You can hide its button, but all the code is still there.

------
sverige
I've used FF since the beginning. I've installed it on a lot of computers for
friends and family.

Today I uninstalled it, and that was before I found out about this latest
sneaky trick.

------
daodedickinson
Completely unacceptable. But with how much disrespect Windows 10 gives users
in terms of forcing distracting ads into faces, I can see why they think it's
open season on us.

------
asimpletune
I get that everyone is pissed, but can someone explain what looking glass
does? After reading the article and the comments I get that it’s like an
ad/game, but that’s it.

------
mdip
I've been a die-hard Firefox guy for a _long_ time ... I stuck around while
the browser was being surpassed in performance by Chrome[0]. I left _briefly_
when developer edition was updated in a manner that prevented my most relied
upon add-ons from working.

This move, when I first read about it, rubbed me the wrong way. As things have
settled out, though, I'm a lot less quick to want to jump ship. In the context
of a simple "easter egg" kind of thing, it's actually somewhat cool (I'm a fan
of Mr. Robot, personally, so hey -- that helps a little)[1]. I think what
bugged me the most is the lack of communication. Upon first reading about the
"bug", it sounded like it was something that was "on by default" and
potentially being used to collect data. It at least _sounds_ like it was
disabled unless you intentionally turned a setting on in about:config. OK, I
guess. It would have been nice if there was better communication once the crap
hit the fan and The Internet started panicking.

The "easter egg" idea isn't something most of us would complain about if a
_very_ clear explanation was available upon discovery, but the fact that it
was a promotion with NBC Universal, I think, is where a lot of folks got
seriously upset. I know it was the first red flag I latched onto. Frankly,
it's hard to imagine a _worse_ company to enter into this kind of an agreement
with and the way this was implemented just _looks really bad_ \-- as an add-on
that appears to be a telemetry-type service.

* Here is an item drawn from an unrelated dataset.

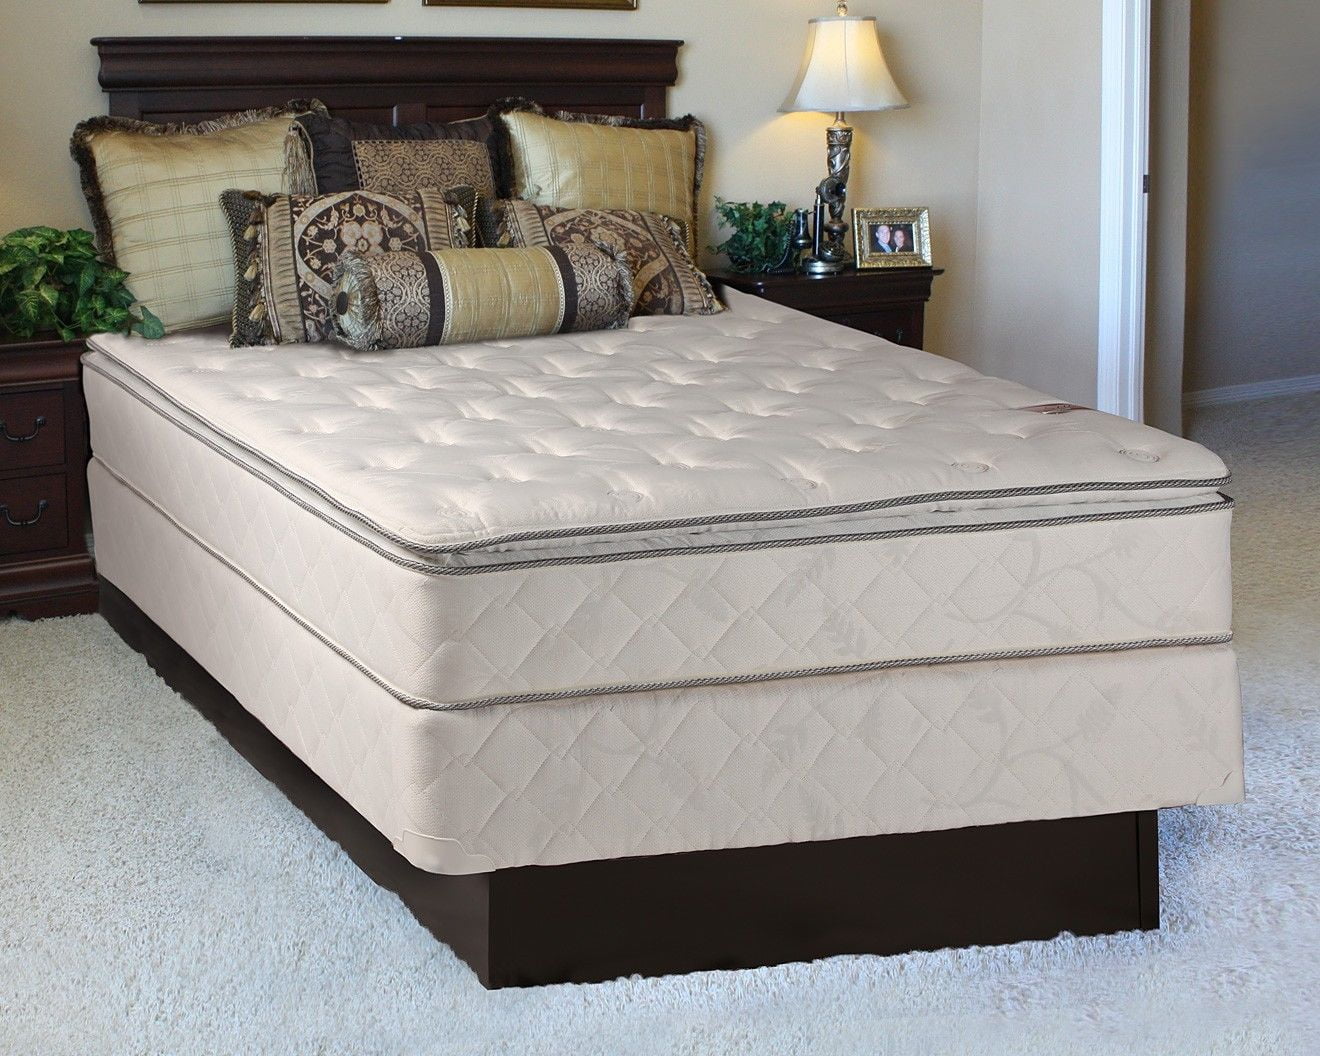 plush twin mattress set

I think NBC Universal and the first two things that come to mind are the MPAA
and their desire to burn down the internet if it keeps people from downloading
movies ... and Comcast -- bandwidth caps, JavaScript injection, abysmal
customer service, ever rising Internet bills (especially if -- as is often the
case -- you live in an area where they are the only provider). It's a shame
they had to suffer such a poor lapse of judgement at a time when the press
around Firefox was turning so heavily in its favor. This was, hopefully, a
painful enough shot in the foot that something like this won't happen, again.
But who knows? Out of the options, available, I'm sticking with Firefox for
now.

[0] Part of this was my stubborn refusal to import my bookmarks mixed with the
convenience of sync being setup everywhere I used it, part of it was a general
dirty feeling I got from using a browser from a company (Google) who's
becoming increasingly aggressive in asserting their monopoly positions.

[1] And there's no irony lost about the fact that a show that would _directly
appeal_ to security engineers was being promoted in a way that would cause a
security engineer to lose his/her mind.

------
OverThere
Thanks for writing this to inform the community. I had no idea this was even
going on before reading your article. What browser do you use now?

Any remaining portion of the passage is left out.